At UCSF, radiology exams brought by patients are routinely uploaded into the PACS to be added to their files. However, the physicians of these patients can request for any exam to be read by a staff radiologist and for a formal report to be prepared. That's been the case for decades, even when film was the norm as the mode of image transfer.
Could this formal procedure of interpreting outside images have any effect on repeat exams?
Dr. Michael Lu, a former radiology resident at UCSF, along with colleagues Wyatt Tellis, PhD, and Dr. David Avrin, PhD, decided to assess whether providing a formal report for outside imaging reduced the number of repeat exams. To do this, they analyzed six years of data for patients who brought CDs of abdominal CT exams performed by healthcare providers other than UCSF. The study was presented at RSNA 2012.
Dr. Michael Lu, former radiology resident at UCSF.
"We focused our retrospective study on abdominal CTs because they are a relatively high-cost exam to perform and they are associated with a high radiation dose exposure," Lu explained.
External CT studies that were at most 60 days old at the time of import were considered. The 60-day threshold was chosen to minimize the number of routine follow-up imaging studies counted as "repeat imaging," Lu said.
Between January 1, 2006, and December 31, 2011, a total of 10,330 consecutive patients had external abdominal CT exams on DICOM CDs imported into the radiology department's PACS. Staff radiologists prepared formal reports for 36% of these (3,719 exams); physicians did not request a formal report for the remaining 64%. Exams imported into PACS that did not have a report prepared were tagged as being for "comparison purposes only."
Of the patients who underwent abdominal surgery, 63% had formal reports prepared of their CT exams. Lu and colleagues also determined that the age of the exam influenced whether a report was requested. They assigned the date the external CT exam was performed into one of three 20-day time periods.
The researchers then compared the rate of patients having a repeat abdominal CT performed within 14 days from the time they were seen at UCSF. Only 9.4% of the patients who had a formal report prepared ended up having a repeat CT exam, compared with 14% of the patients who did not have reports prepared. This represented an absolute difference of 5% and a relative difference of 32%, Lu said.
"After adjusting for possible confounding variables such as the specialty of the ordering physician and the age of the outside imaging study with a multivariate analysis, patients who received a formal report continued to have lower odds of repeat imaging, with an odds ratio of 0.53," he explained.
The acuity of a patient's presentation may have affected the ordering of a repeat exam, Lu acknowledged in response to a session attendee. This aspect was outside the scope of the study.
"The cost of an exam and the radiation dose associated with diagnostic imaging is under scrutiny -- by the government, the public, and the medical profession," he said. "I think it is very important for us as a specialty to review our practice to find ways we can reduce unnecessary imaging. Reducing repeat imaging at the transfer of care that could otherwise be avoided is low-hanging fruit."
When staff radiologists at a receiving institution prepare a formal report, it reassures the requesting physician that the interpretation has originated from a known and presumably trusted radiologist. It also avoids errors of miscommunication or incomplete review that could occur with informal "curbside" consults. These formal reports for outside imaging are also incorporated into the patient's electronic medical record.
"Referring physicians appreciate this service," Lu said.

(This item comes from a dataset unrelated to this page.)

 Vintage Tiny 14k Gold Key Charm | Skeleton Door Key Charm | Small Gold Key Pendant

In fact, the UCSF radiology department is trying to streamline the process. Physicians may use their office computer with a Web browser to access images on a CD, and determine on-the-fly if the images should be archived as part of the patient's record and also reinterpreted. This enables a patient to keep the CD, which may be his or her only record of the exam(s) performed.

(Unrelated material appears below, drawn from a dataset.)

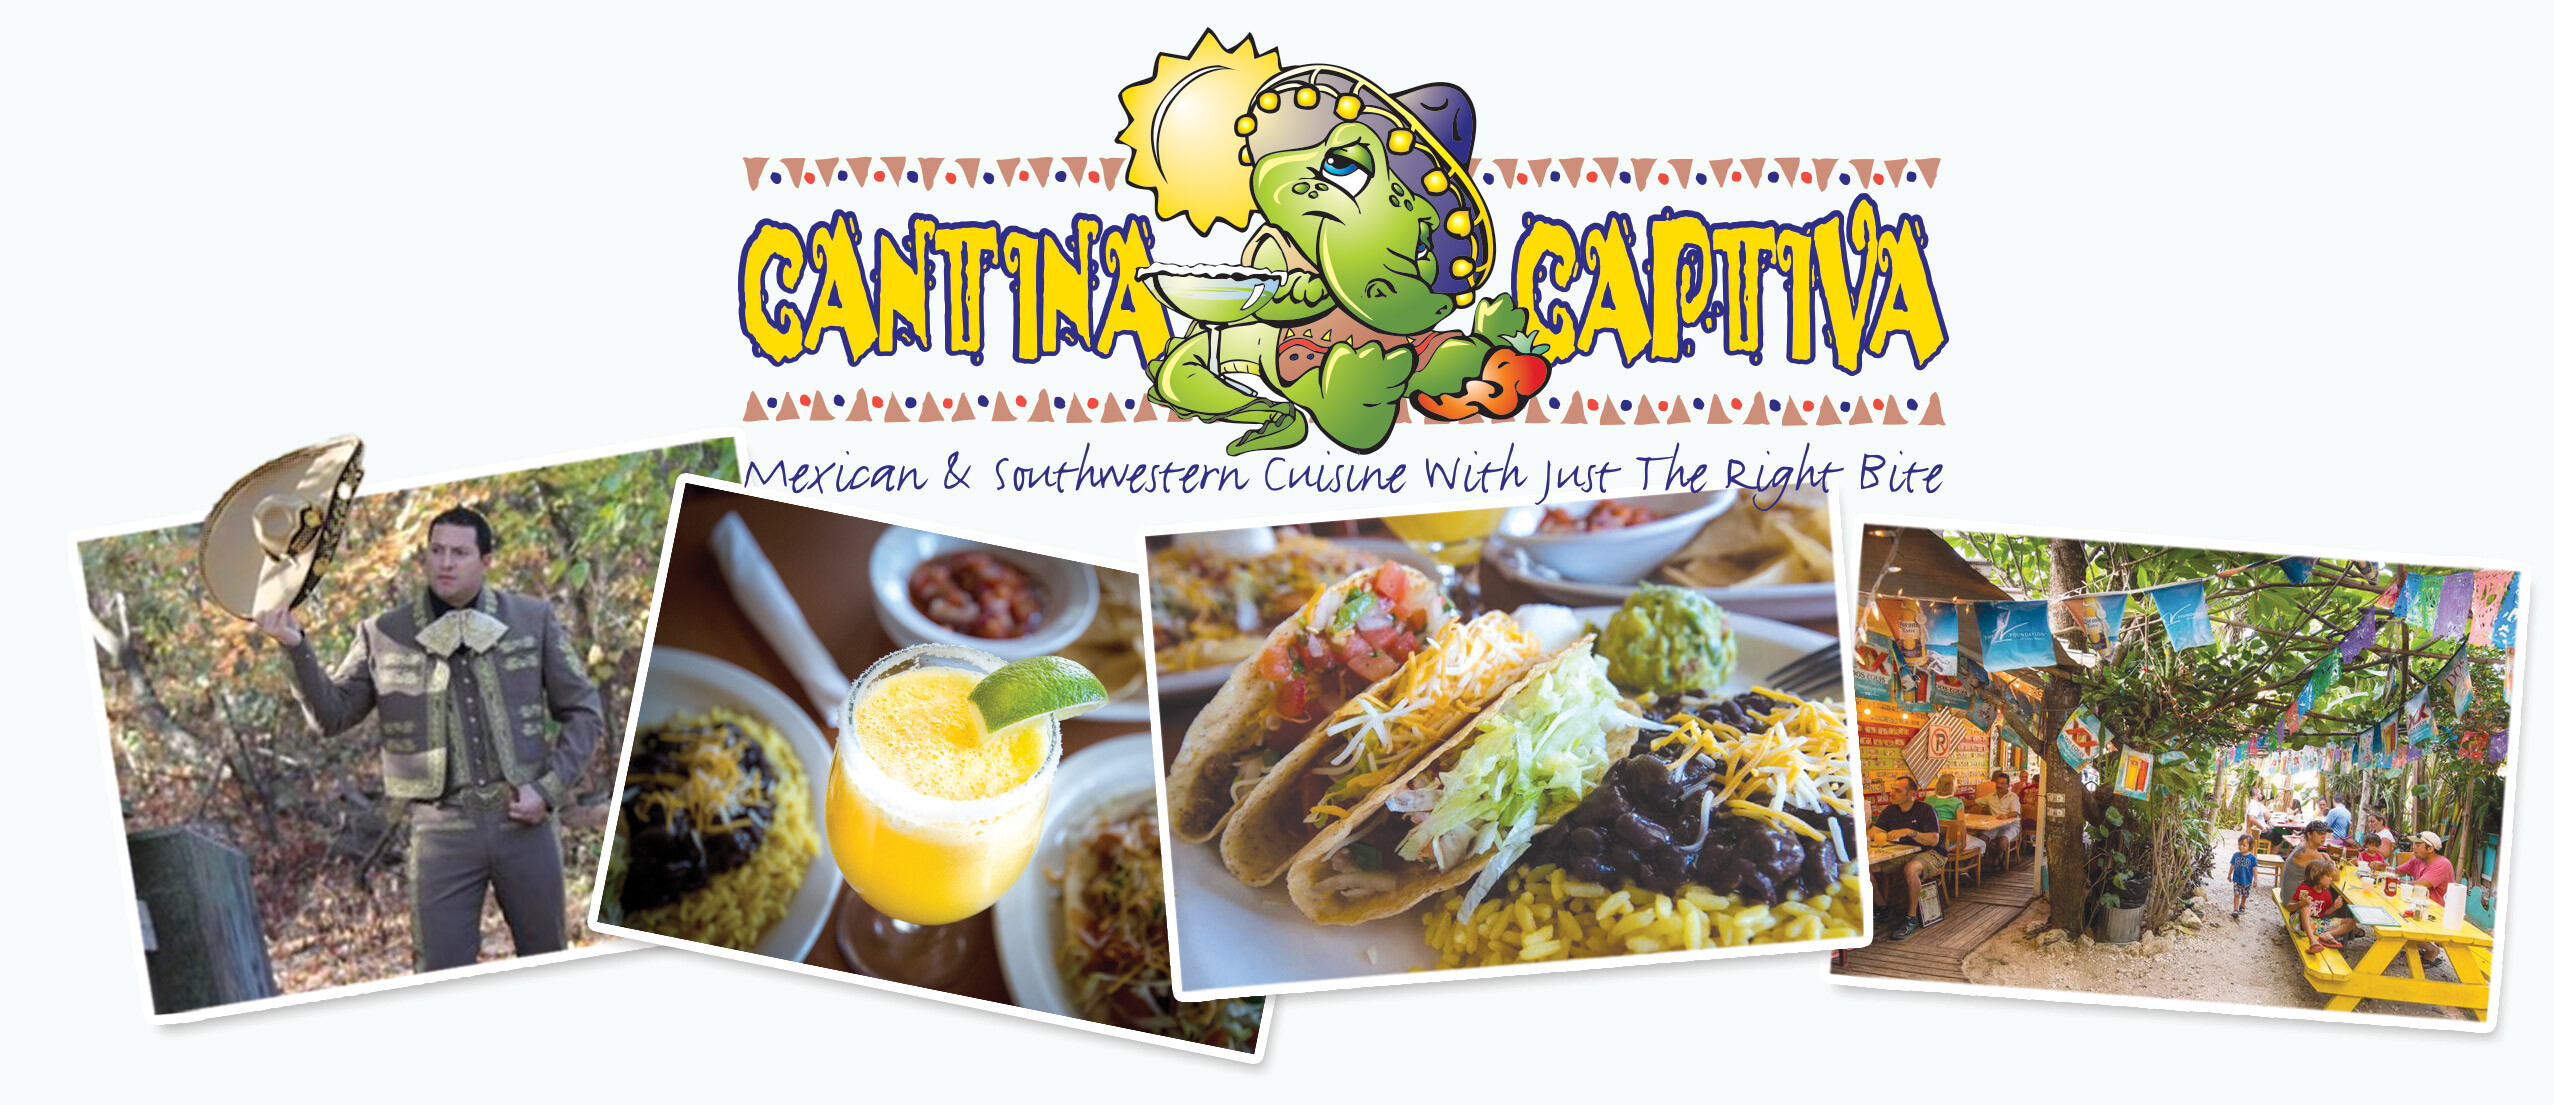 Cinco de Mayo Fiesta at Cantina Captiva

It was also important to determine the benefits of preparing these formal reports to help other healthcare institutions decide whether to adopt the practice, the research team noted.
Lu referenced the fact that many hospitals require in-house pathologists to review external slides of a patient before surgery is approved. If the study findings from UCSF can be replicated by other hospitals' radiology departments, it may be feasible to have a similar guideline for reports to be prepared for relevant external exams, he said.
In that case, it would also be beneficial if one of radiology's professional societies supported such a guideline, he added.